Not sure what happened to the version of me that once felt guilty about reading Stephen King's Tommyknockers over a weekend simply because I couldn't stop myself - and this when I had work I really should have been doing.

Wednesday, January 15, 2025

Getting The Point

Found myself in a meeting this evening that lasted until 9.30. Weirdly I sort of enjoyed it, I suppose because there was some point to it all. It makes a difference, you know.

Tuesday, January 14, 2025

Talking Trash

On three occasions this year I've arrived early enough at the basketball courts to do a quick clean-up before my guys arrive for training. Each time the area wasn't exactly a mess - otherwise I'd have got the players to clean-up for me - but there were two or three empty cans up against the perimeter and at least one empty plastic bottle lying around. And each time I've got to wondering how exactly these were left behind. Was it some vague act of pointless malice, from someone who presumably had used the court but thought it best to show they didn't care about the maintenance thereof? Or was it just complete forgetfulness from someone caught up in other more important personal matters when leaving the place who'd neglected to take care of all their 'stuff'? Or was it it somewhere between these extremes?

Whatever it was I can't really wrap my head around the behaviour involved.

And here's the personal conundrum. As far as I can remember I didn't do anything like this as a kid. But I know for certain I was no angel. I can recall in embarrassing detail two anti-social acts I was involved in which were a good deal worse than just leaving a couple of cans around. So there's the possibility I'm ignoring or suppressing what I know to be true of the behaviour of idiotic teenagers (like me) in the interests of building a kind of communitarian mythology.

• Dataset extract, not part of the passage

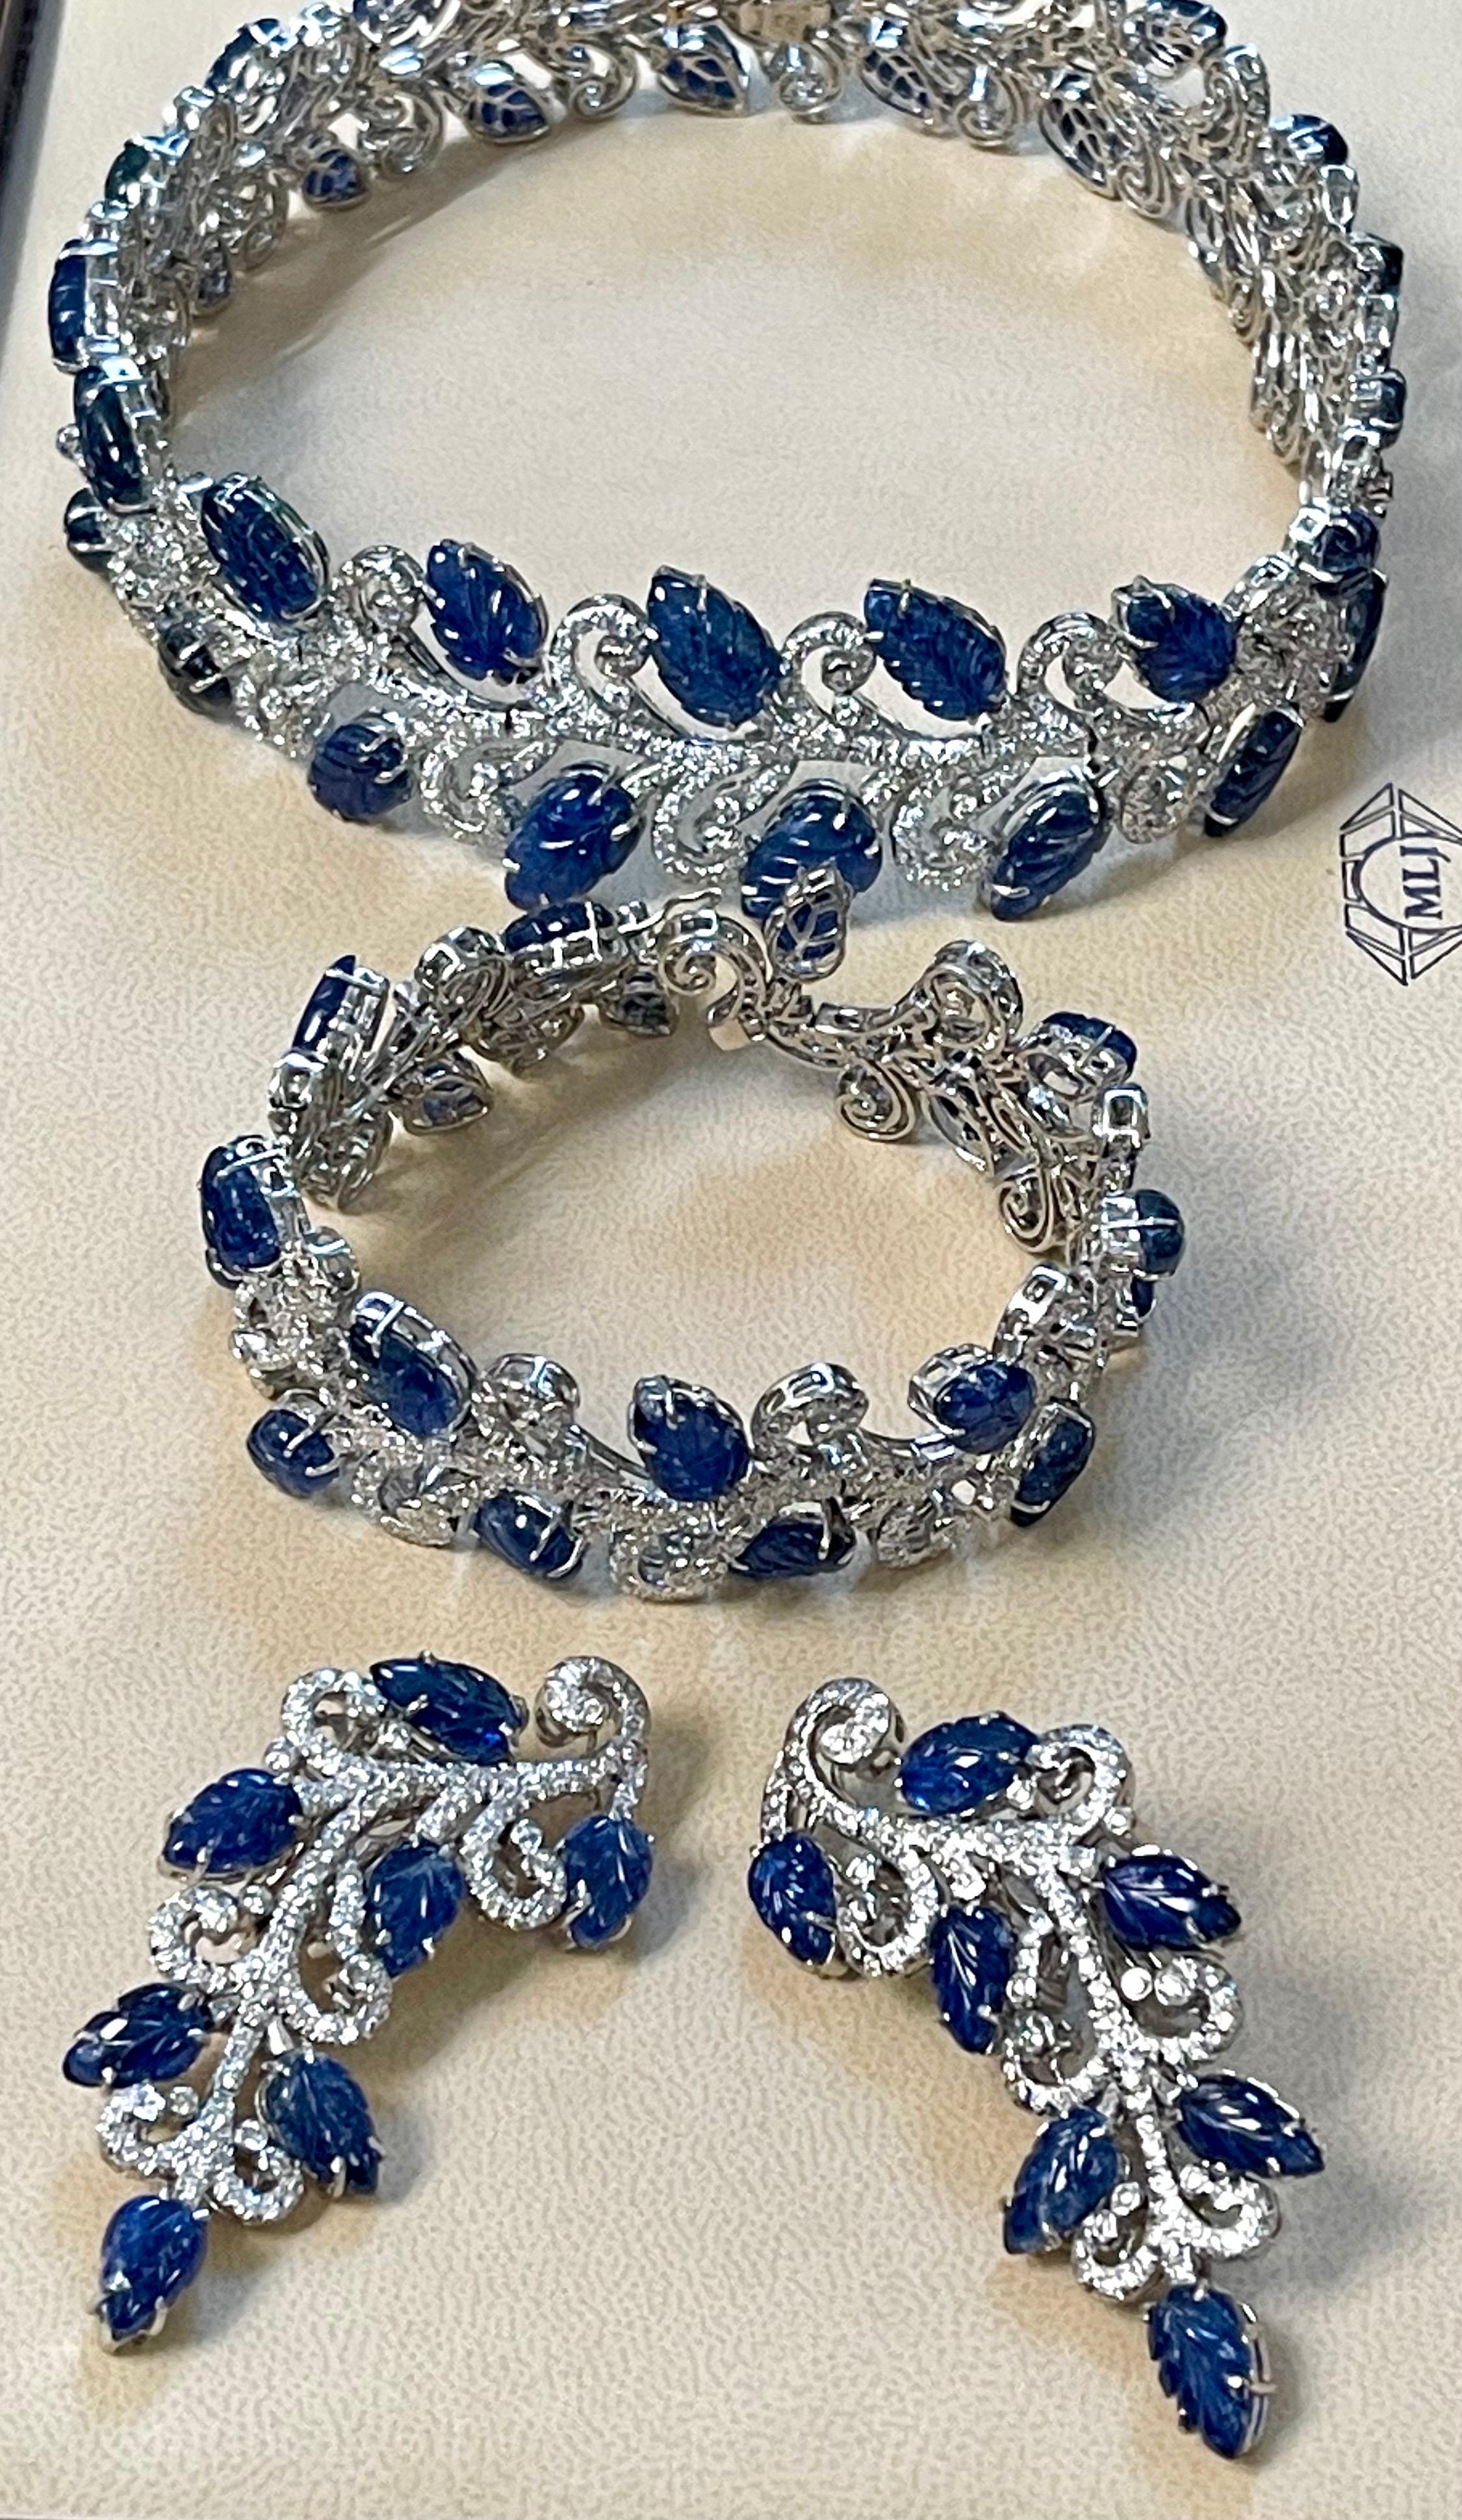 330 Ct Natural Carved Blue Sapphire & 65 Ct Diamond Necklace Bracelet & Earring For Sale 3

This is disconcerting. Maybe the sense of guilt lies behind my compulsion to tidy public spaces?

Monday, January 13, 2025

On The Physical

Had an odd experience yesterday. I came back in the evening after a stint at the gym and suffered a severe case of the shivers when I popped into our bedroom to change. The air-conditioning was on and the room was fairly cold, but not enough to provoke my rather extreme reaction. For the next few minutes I felt hyper-sensitive to the fans in the apartment and any feeling of coldness such that I was worried about slipping into a severe fever, but that didn't happen, I'm glad to say. I slept fitfully and sweatily, but I did sleep.

Then today I spent three hours at the National University Hospital undergoing a scan on my liver and blood tests related to that organ. This is part of the follow-up to when I found myself in ICU. My liver wasn't in too good a way at that time but seems to have made something close to a full recovery since and I'm hoping the test results support that observation. The great thing is that at this point in time I am entirely unmedicated, and I'd like to stay that way for as long as possible.

Sunday, January 12, 2025

Nodding Off

If I were short of sleep after the first week of work - and I'm not sure I was - I certainly reclaimed the necessary over the weekend. The ease with which I've been toppling over into the Land of Nod is a bit frightening. It's a useful talent to possess, but caution needs to be applied in deploying it too readily. Life does need to be got on with, after all.